Python Forum
US Census site - Printable Version

+- Python Forum (https://python-forum.io)
+-- Forum: Forum & Off Topic (https://python-forum.io/forum-23.html)
+--- Forum: Bar (https://python-forum.io/forum-27.html)
+--- Thread: US Census site (/thread-1531.html)

Pages: 1 2


US Census site - Larz60+ - Jan-11-2017

Hello,

I recently (last night) downloaded a bunch of data files from the US census public data site using a bot.
I thought I had inserted a delay between downloads, but when I just took a look, I guess i forgot to do so.

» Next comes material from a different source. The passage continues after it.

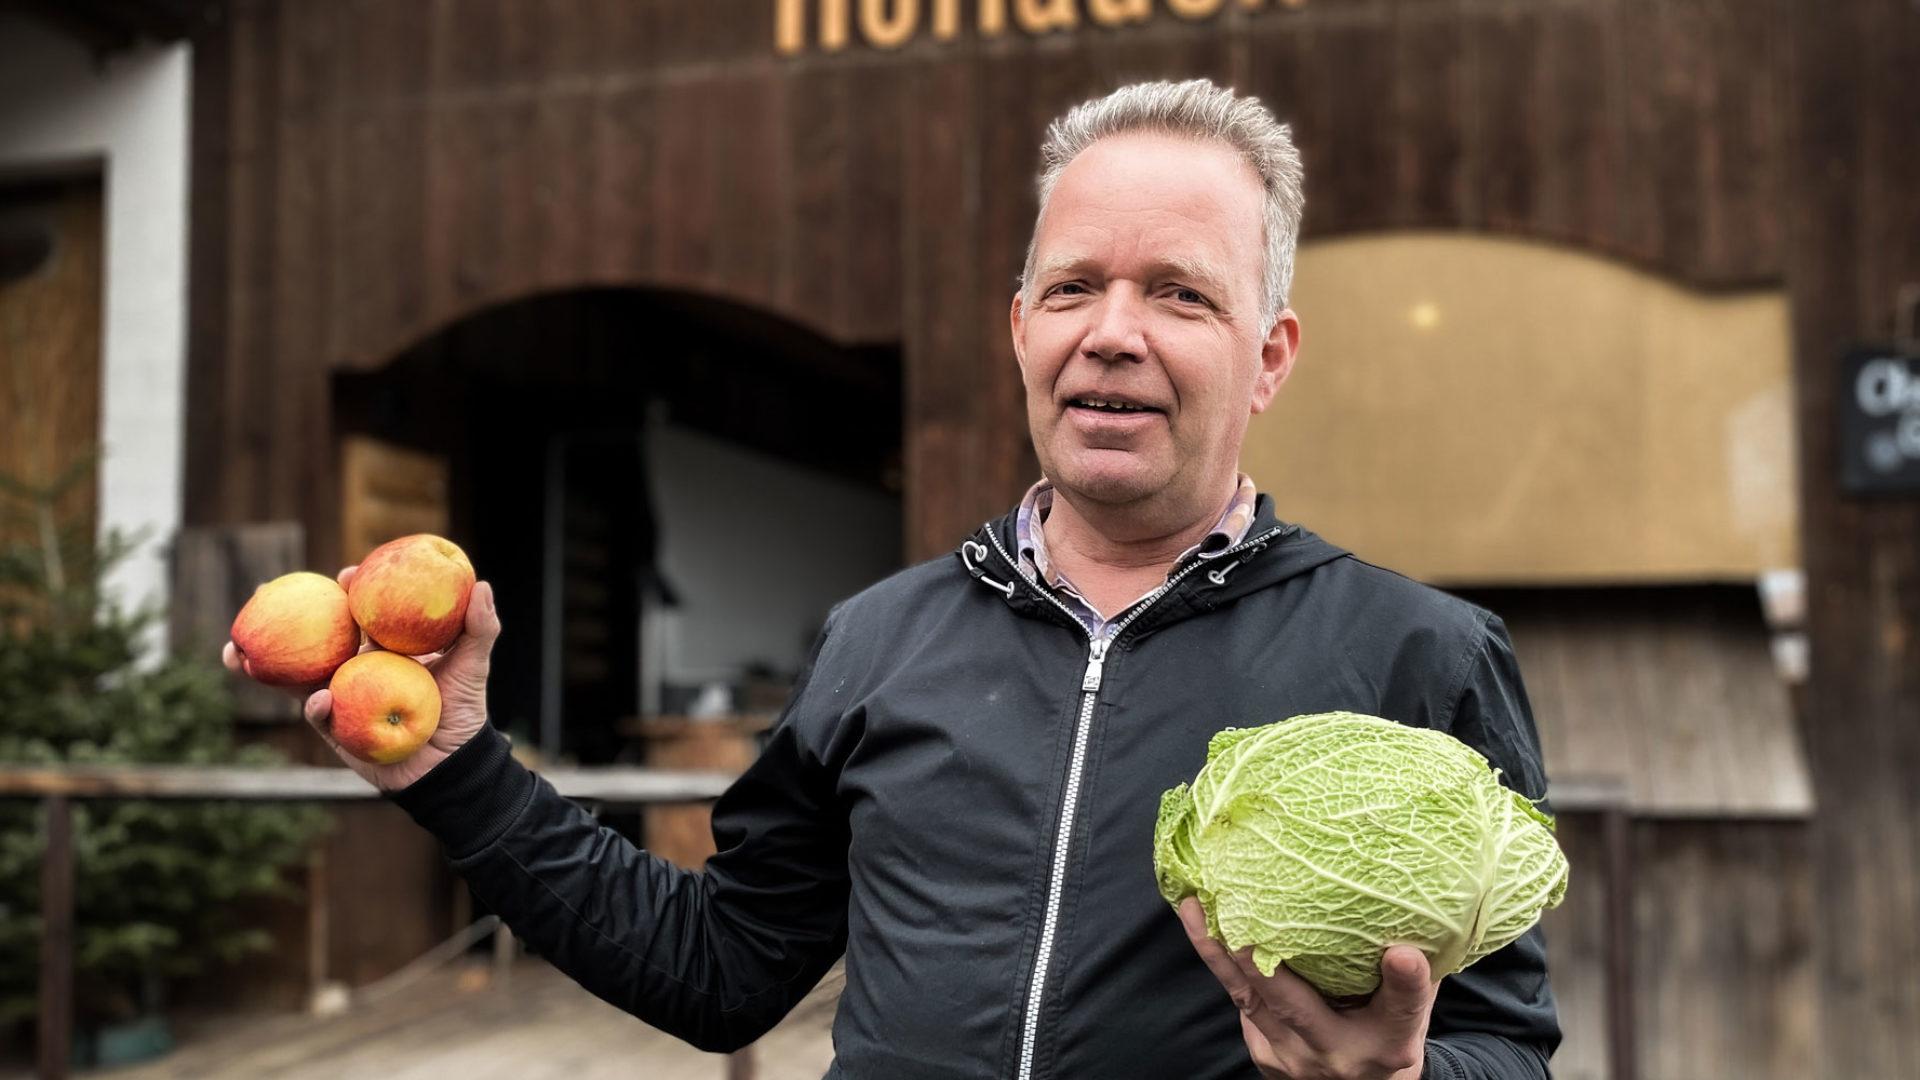 Hofladenleiter mit Gemüse im Arm

Now when I try to access the site I'm getting an error:

Quote:Access Denied

You don't have permission to access "http://www.census.gov/geo/maps-data/data/cbf/cbf_counties.html" on this server.

I'd appreciate it if someone could try this url and verify that I have been (at least temporarily) banned from the site, or if it is down

Thanks


RE: US Census site - metulburr - Jan-11-2017

i see this

Quote:I'd appreciate it if someone could try this url and verify that I have been (at least temporarily) banned from the site, or if it is down
you can use a proxy to check from a different IP, alternatively you can check one of the down sites
http://downforeveryoneorjustme.com/http://www.census.gov/geo/maps-data/data/cbf/cbf_counties.html


RE: US Census site - Larz60+ - Jan-11-2017

Thanks! Hope it's not for long.


RE: US Census site - Kebap - Jan-11-2017

I for one get a new IP every 24 hours, so that ban would be temporary at best


RE: US Census site - wavic - Jan-11-2017

How much is a some normal delay for such a tasks?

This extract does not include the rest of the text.